Produce-associated outbreaks were first reported in 1991 and have remained a prominent food vehicle (Figure 4), accounting for 38 (21%) of 183 foodborne outbreaks and 34% of 5,269 foodborne outbreak-related cases. Produce outbreaks peaked in summer and fall; 74% occurred from July to October. Thirteen (34%) produce outbreaks were from lettuce, 7 (18%) apple cider or apple juice, 6 (16%) salad, 4 (11%) coleslaw, 4 (11%) melons, 3 (8%) sprouts, and 1 (3%) grapes. Produce outbreaks most commonly occurred in restaurants (15 [39%]), and 7 (47%) of these were reported to be due to cross-contamination during food preparation. Twenty (53%) produce outbreaks did not involve kitchen-level cross-contamination, including the 7 apple cider or apple juice outbreaks, 7 of 10 lettuce outbreaks, 3 of 4 coleslaw outbreaks, and the 3 alfalfa or clover sprout outbreaks. None were reported to be due to imported produce. The median number of cases in produce outbreaks was significantly larger than that of ground beef outbreaks, 20 vs. 8, (p < 0.001).

Other Beef

Types of beef other than ground beef were implicated in 11 outbreaks. Five outbreaks were due to roast beef, 2 to steak, 1 to sirloin tips, and 1 to salami. The other 2 outbreaks included on identified only as “beef” and one as “raw roast beef.”

Dairy Products

Seven outbreaks were due to dairy products, including 4 from consuming raw milk. The others were due to cheese curds made from raw milk, from butter made from raw milk, and from commercial ice cream bars (possibly due to cross-contamination).
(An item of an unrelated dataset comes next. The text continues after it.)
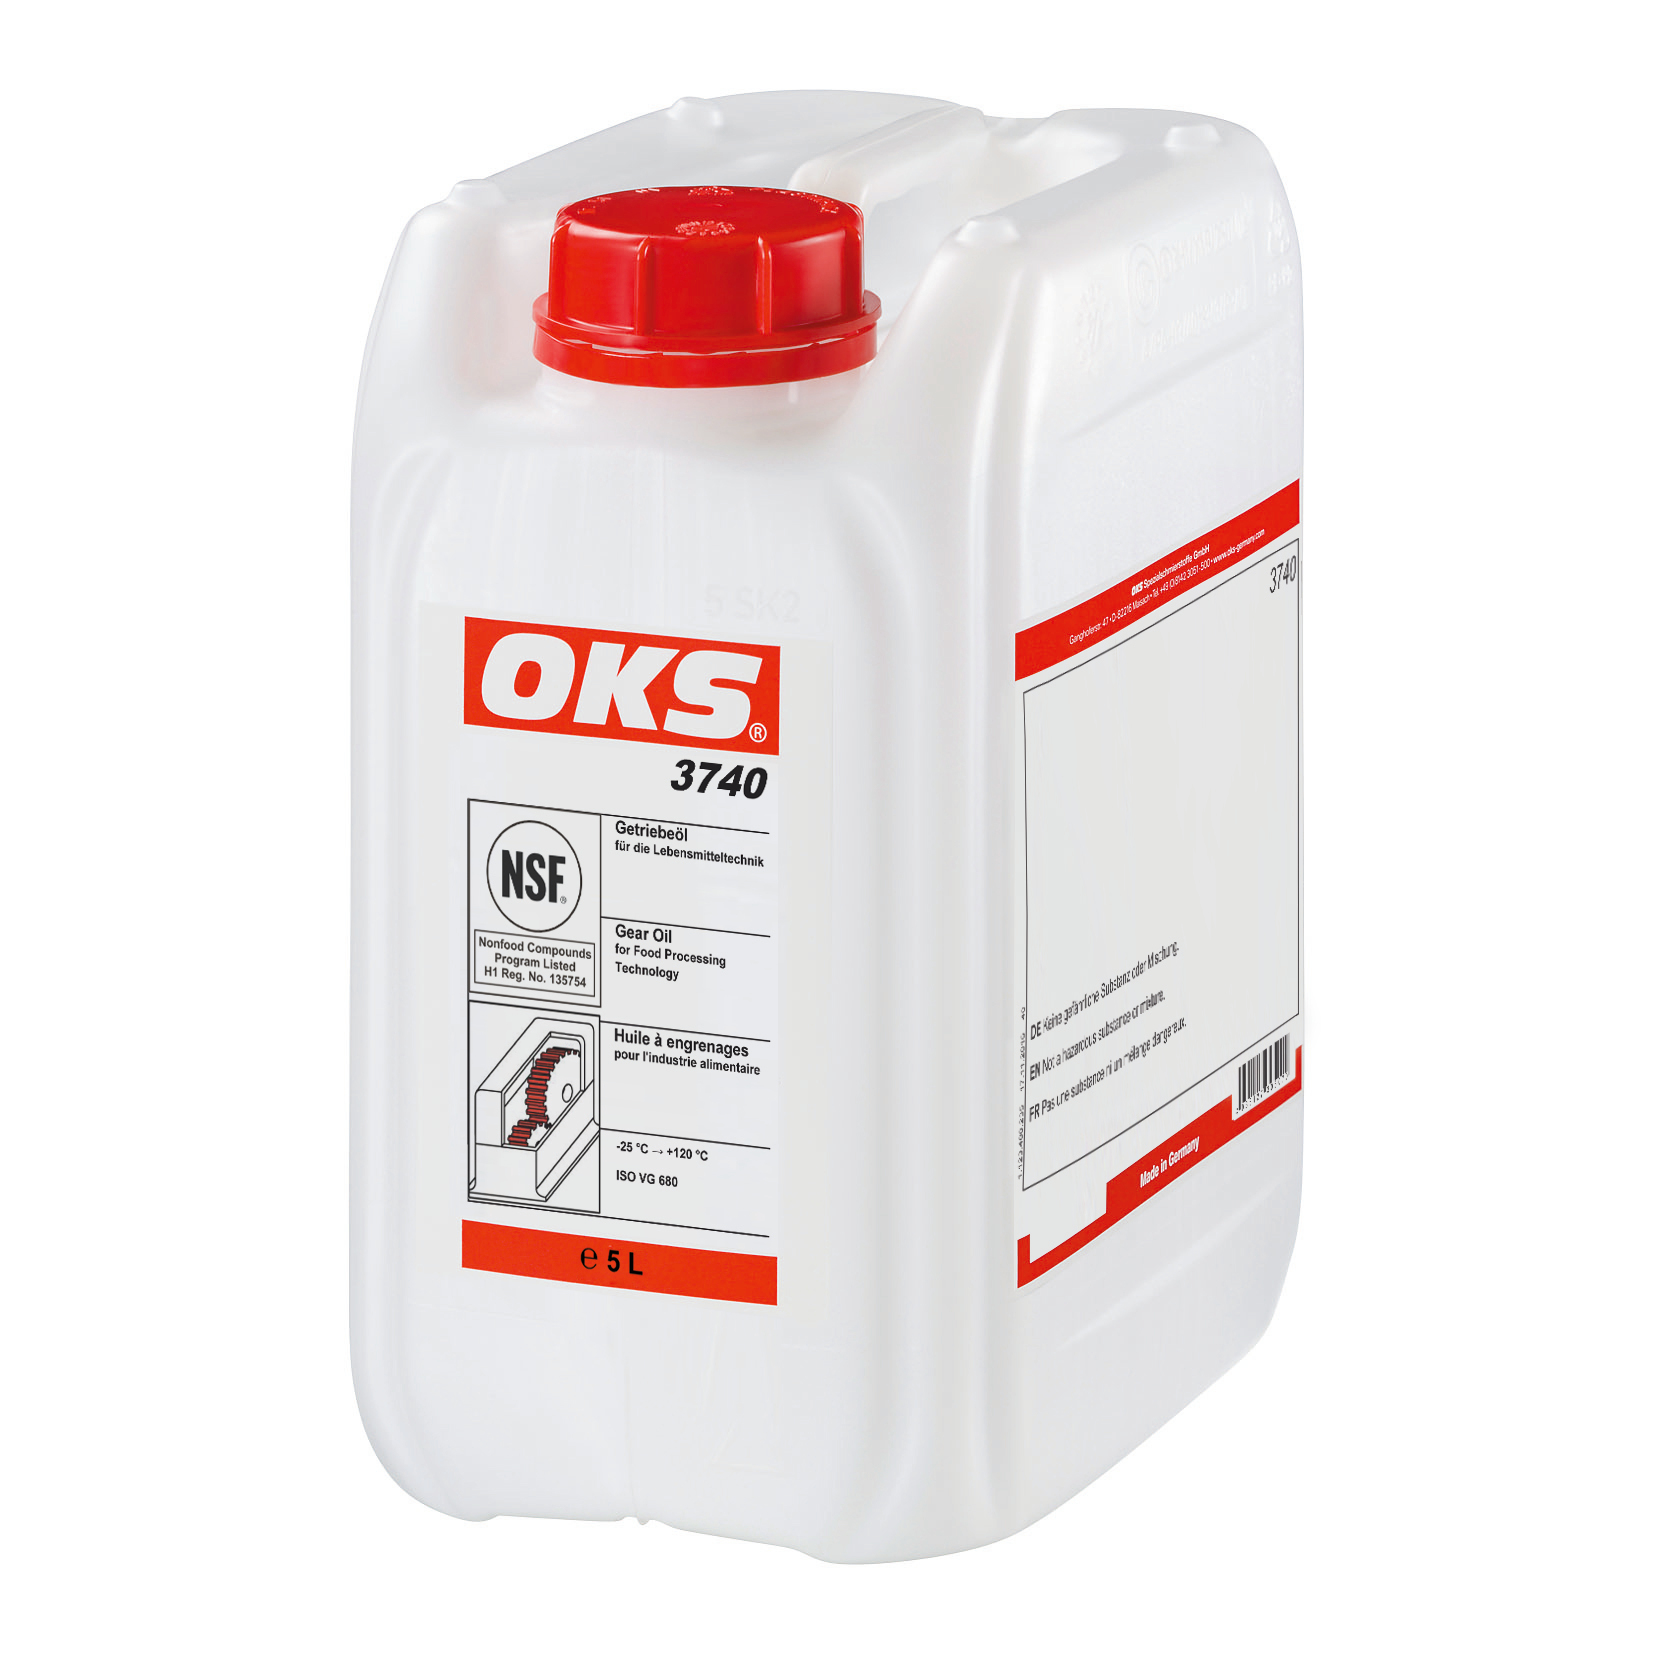 OKS3740-5 Volledig synthetische olie van ISO VG-klasse 680 voor smering van tandwieloverbrengingen en andere machinedelen in delevensmiddelentechniek.
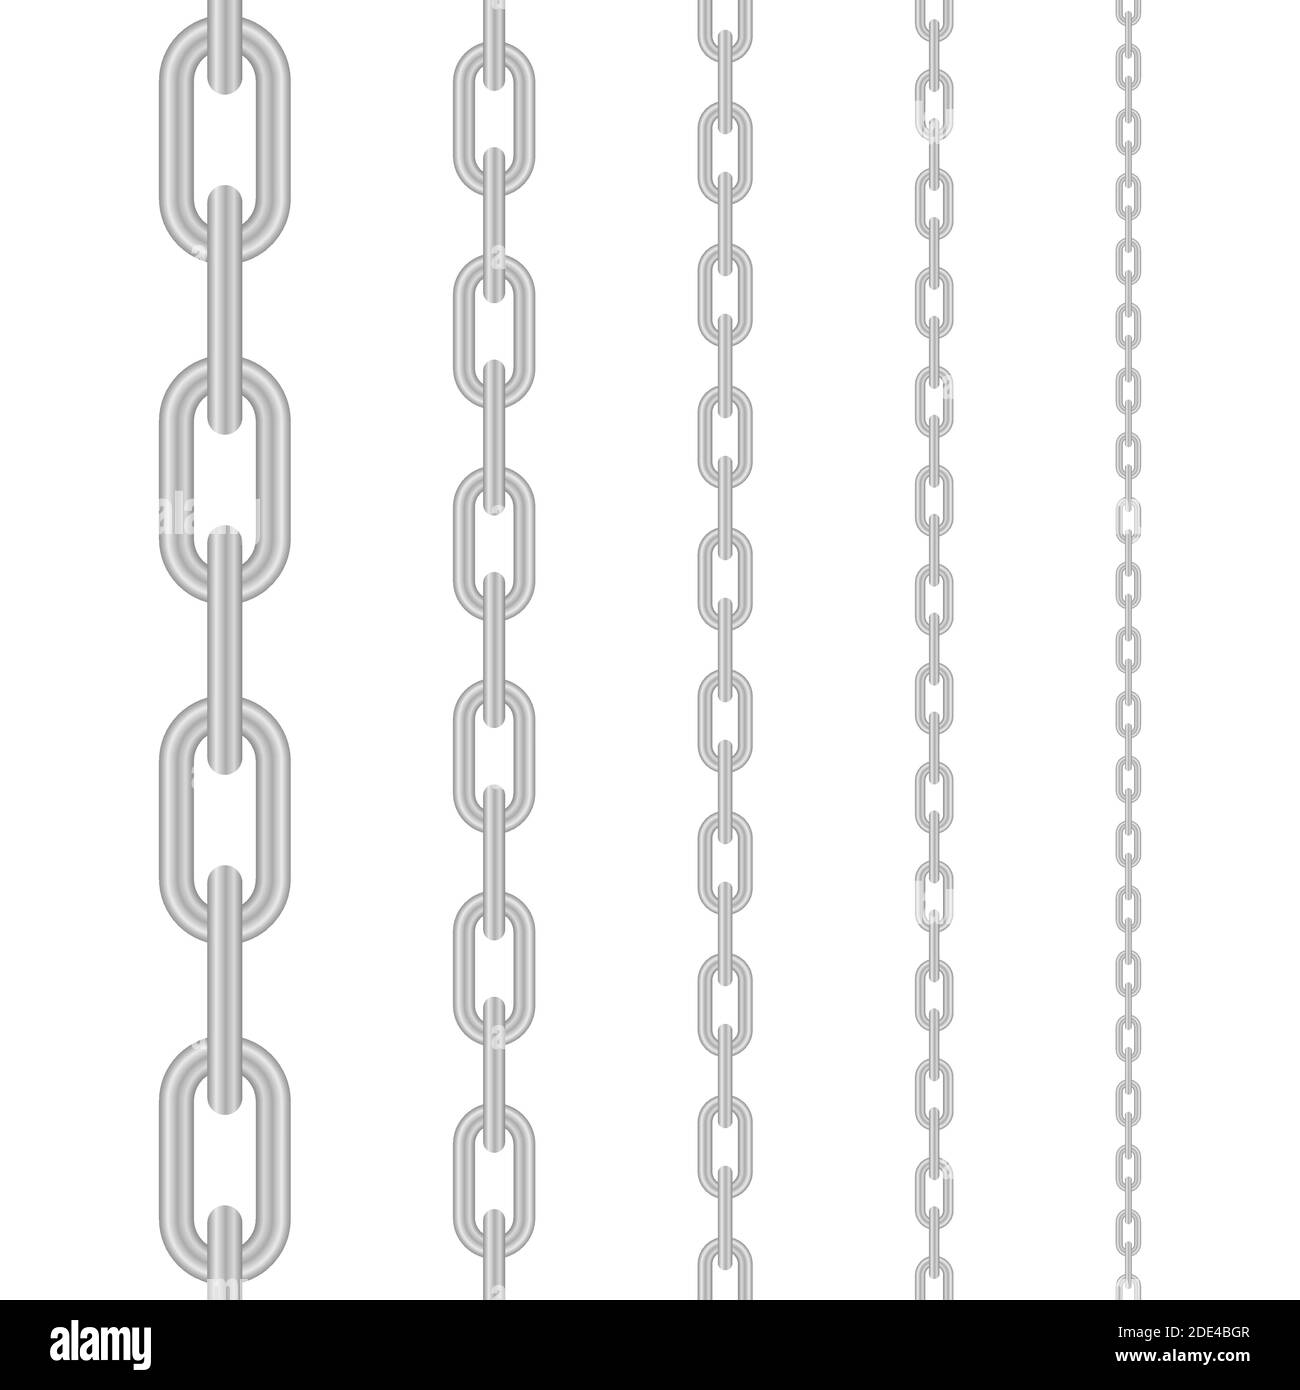 Metallkette. Blockkette. Sammlung von nahtlosen Metallketten in Silber  gefärbt. Vektorgrafik Stock-Vektorgrafik - Alamy

Person-to-Person Outbreaks

Fifty outbreaks were due to spread from fecal matter of an ill person to the mouths of others. Outbreak settings included 40 (80%) child daycare centers; 5 (10%) individual residences; 3 (6%) communities, 1 (2%) school, and 1 (2%) residential facility. Outbreak size ranged from 2 to 63 cases (median 7). Person-to-person outbreaks peaked during summer; 70% occurred from June to August.

Waterborne Outbreaks

Thirty-one outbreaks were waterborne: 21 from recreational water and 10 from drinking water. Recreational water outbreaks were first reported in 1991; 14 (67%) occurred in lakes or ponds, and 7 (33%) in swimming pools. Size ranged from 2 to 45 cases (median 8 cases). Outbreaks occurred from June to September.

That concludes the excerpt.